Here are some things that you need to know about marriage that you may not have heard yet.

You've got to sweat the small stuff.


University of Michigan social research professor Terri L. Orbuch, author of 5 Simple Steps to Take Your Marriage from Good to Great, says, "Many couples say that what surprised them most about their marriage is that they really have to address the little things that are irritating them, which is the opposite of what you hear in the media about letting the small stuff go." .

For 24 years, Orbuch has followed 373 couples for a long-term study called the Early Years of Marriage Project. In interviews and questionnaires, the couples have reported that small irritations -- like never loading the dishwasher or always being late to the movies -- became big issues if they didn't talk about them.

"It’s very important to talk about what’s irritating you in a nonthreatening way and to compromise," Orbuch says. "Don’t let these things fester."

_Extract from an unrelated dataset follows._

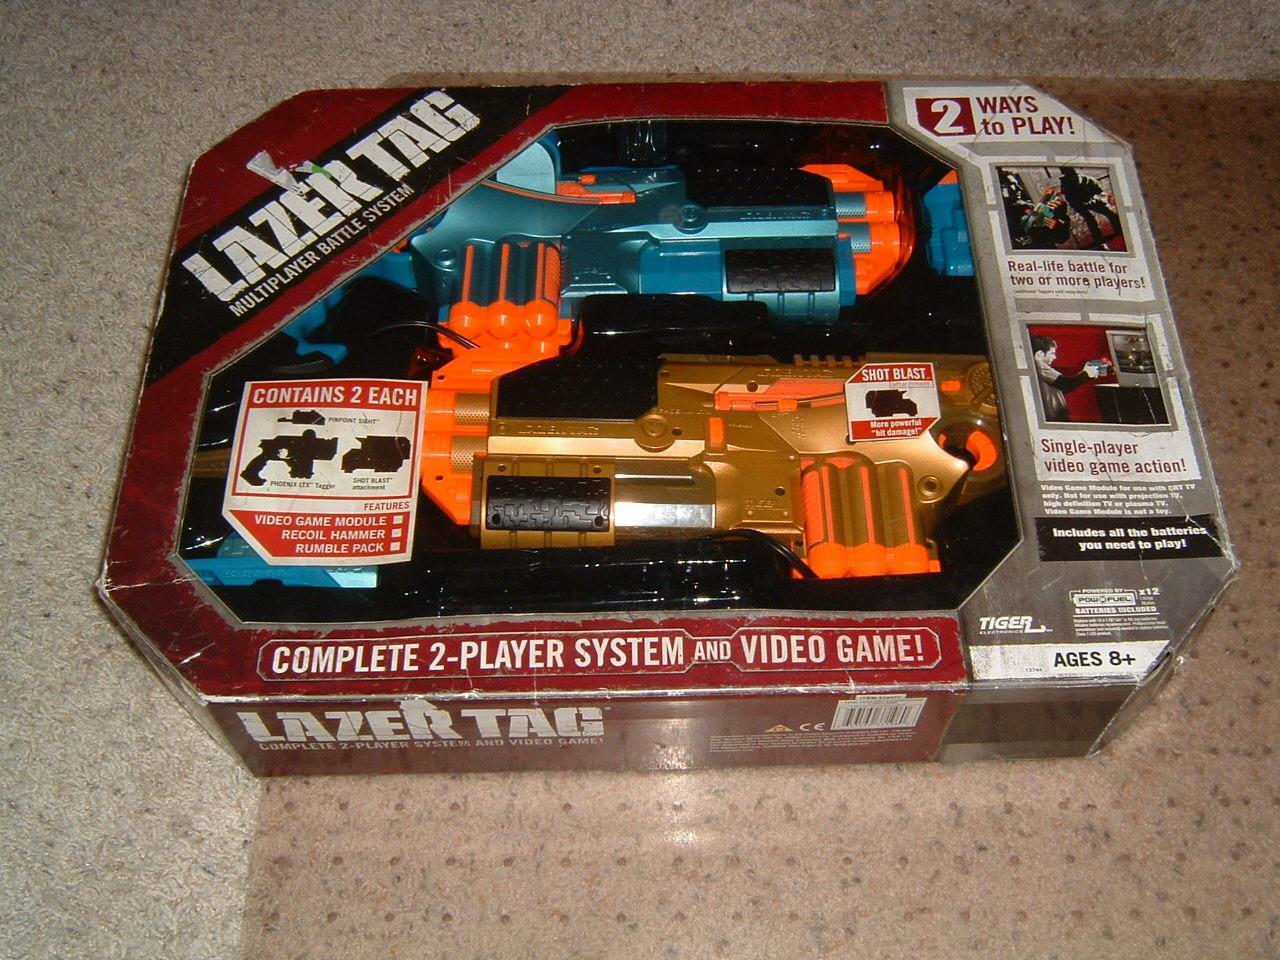 1 Tiger Electronics Hasbro Set Of 2 Laser Lazer Tag Guns
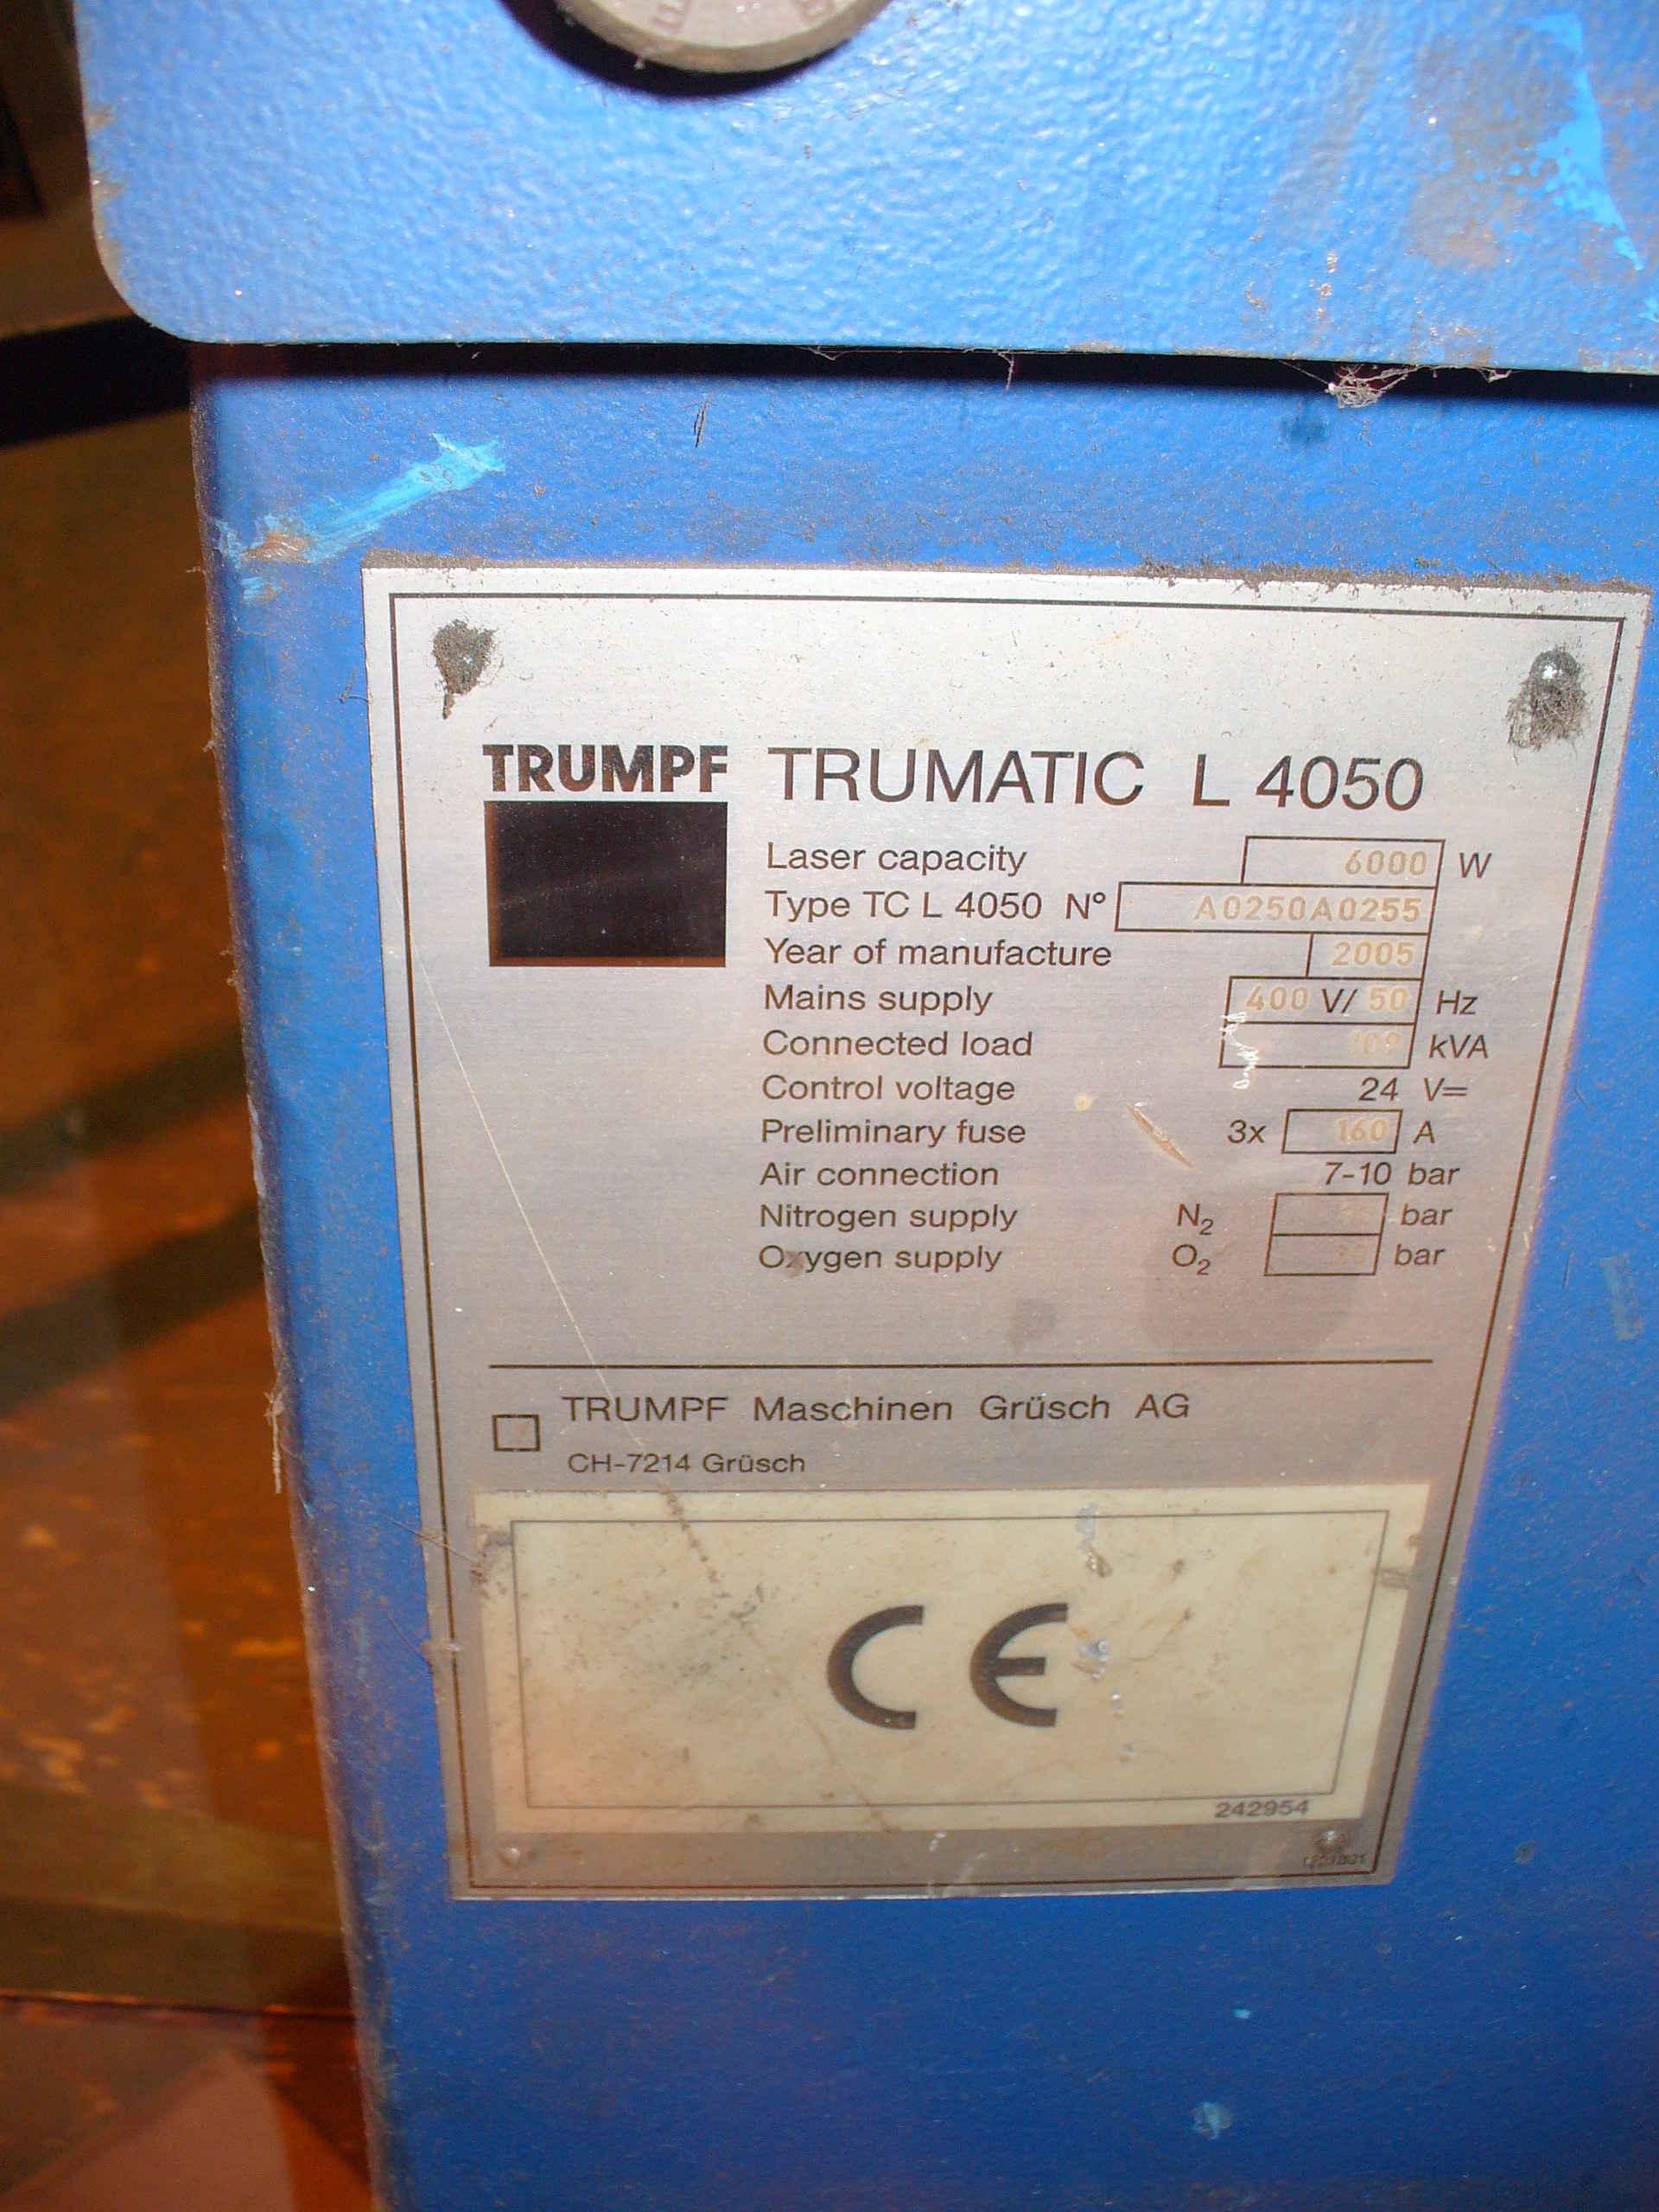 Lot 452 - 2005 Trumpf Trumatic L4050 4m x 2.0m - 6kw LASER PROFILE MACHINE

Families matter more than you think.


Once you’ve had a few holiday meals with your future in-laws, you may feel that you know how to negotiate your relationship with them. But doing so can be surprisingly hard.

Michelle, 31, a New York writer who's been married for six years, says, "The most difficult part of my marriage has been dealing with our families.. My in-laws desired an instant closeness," she says. "They want so much to treat me like the daughter they never had. But I feel like that would be a bit of a charade for me. Also, I think it may have hurt them at the beginning that I didn’t change my name."